Outspoken Atlanta Mayor Keisha Lance Bottoms, in the middle of the latest police shooting death controversy, should be on Joe Biden’s ever-changing vice presidential list for working hard to keep peace in the city while addressing the national battle over race, according to key analysts charting the ups and downs of the list.
The experts who write the Sabato Crystal Ball newsletter for the University of Virginia also said that with Bottoms and other in-office Democrats staking out positions on the Black Lives Matter protests and police shootings, former Georgia House Minority Leader Stacey Abrams is dropping fast.

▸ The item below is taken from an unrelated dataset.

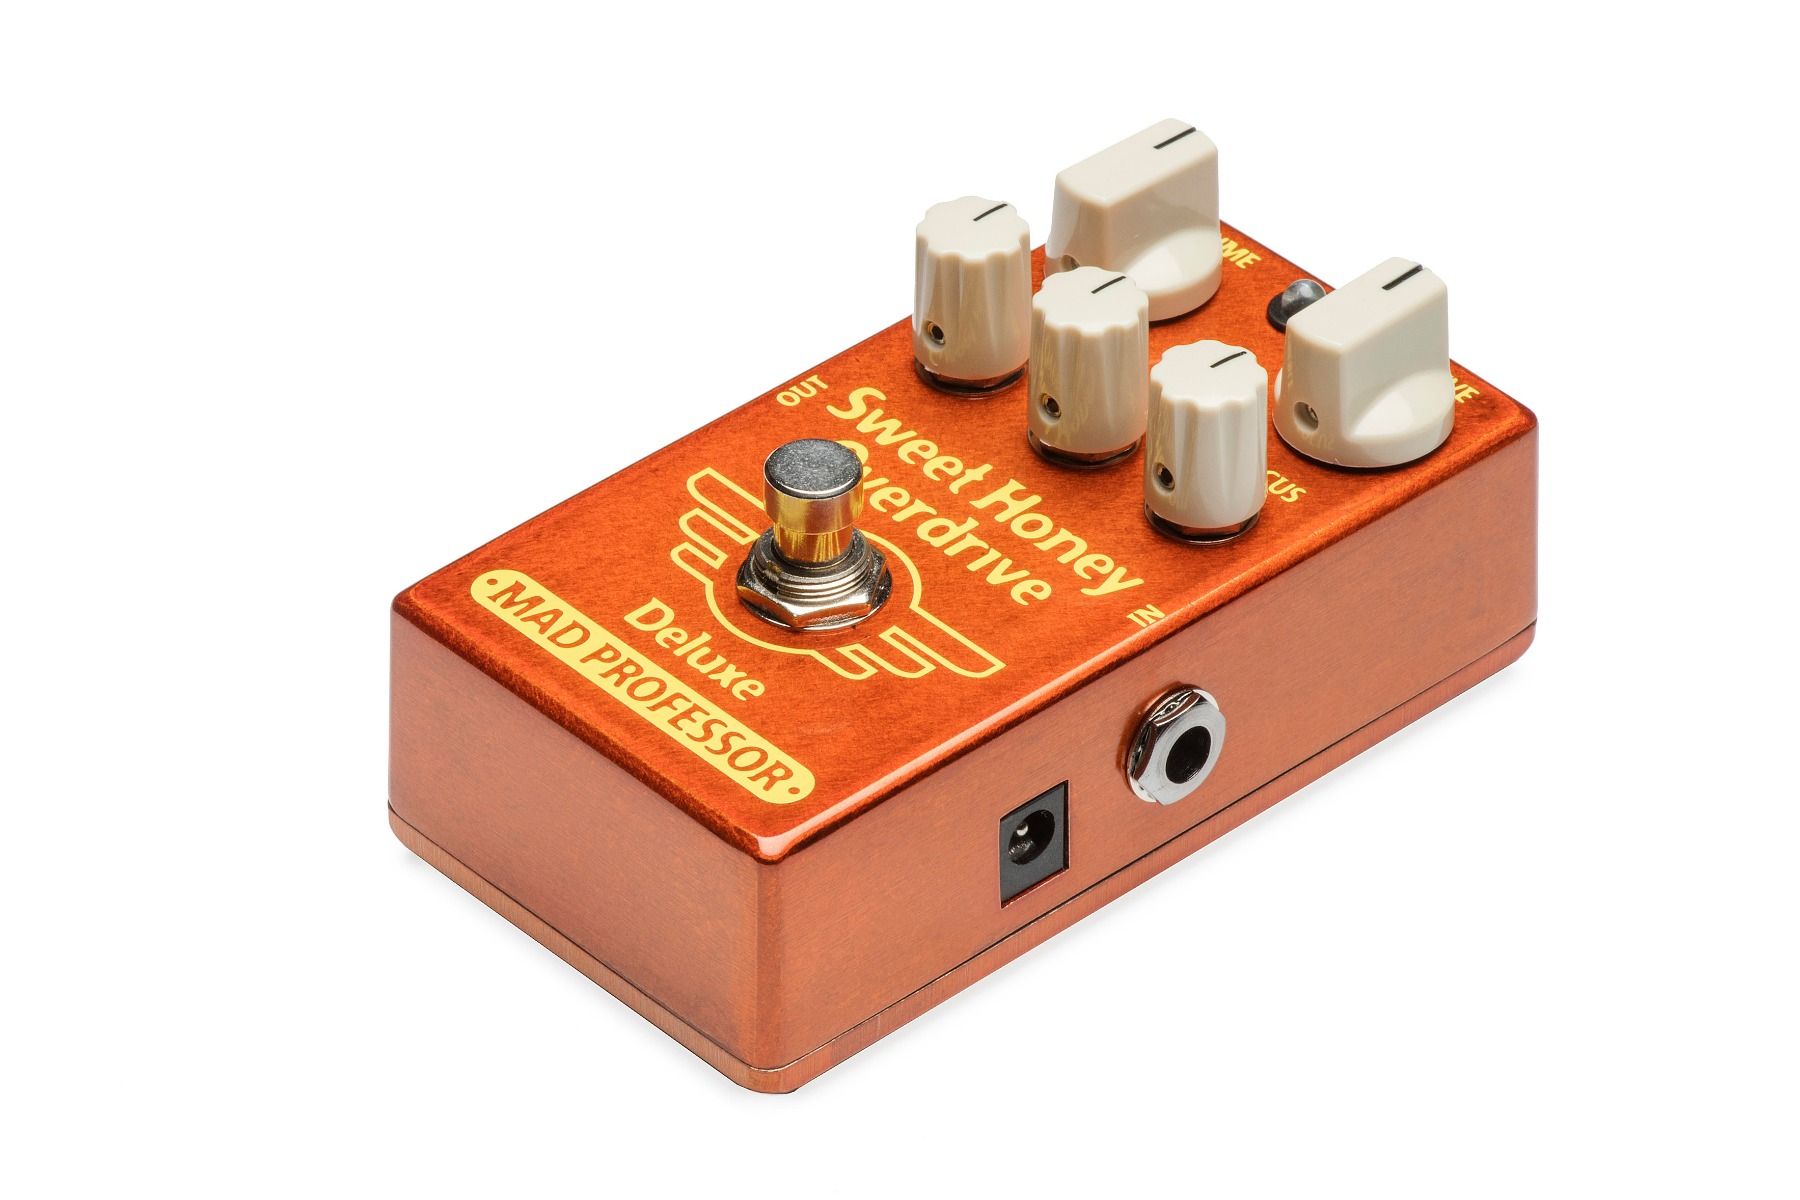 SWEET HONEY OVERDRIVE DELUXE FAC | Mad Professor Amplification

In the latest list out Thursday from Kyle Kondik, J. Miles Coleman, and Larry J. Sabato, Abrams fell to the bottom of the list of 11.
The list still leads with California Sen. Kamala Harris. Florida Rep. Val Demings is second.
Biden has pledged to pick a woman as his running mate, and there has been pressure to pick an African American since the protests and riots that followed George Floyd’s death while he was in Minneapolis police custody. Harris, Demings, and Bottoms are women of color.
He is also being urged to pick a Hispanic person since they are unenthusiastic about his candidacy. The UVA group pushed up the chances he would pick New Mexico Gov. Michelle Lujan Grisham.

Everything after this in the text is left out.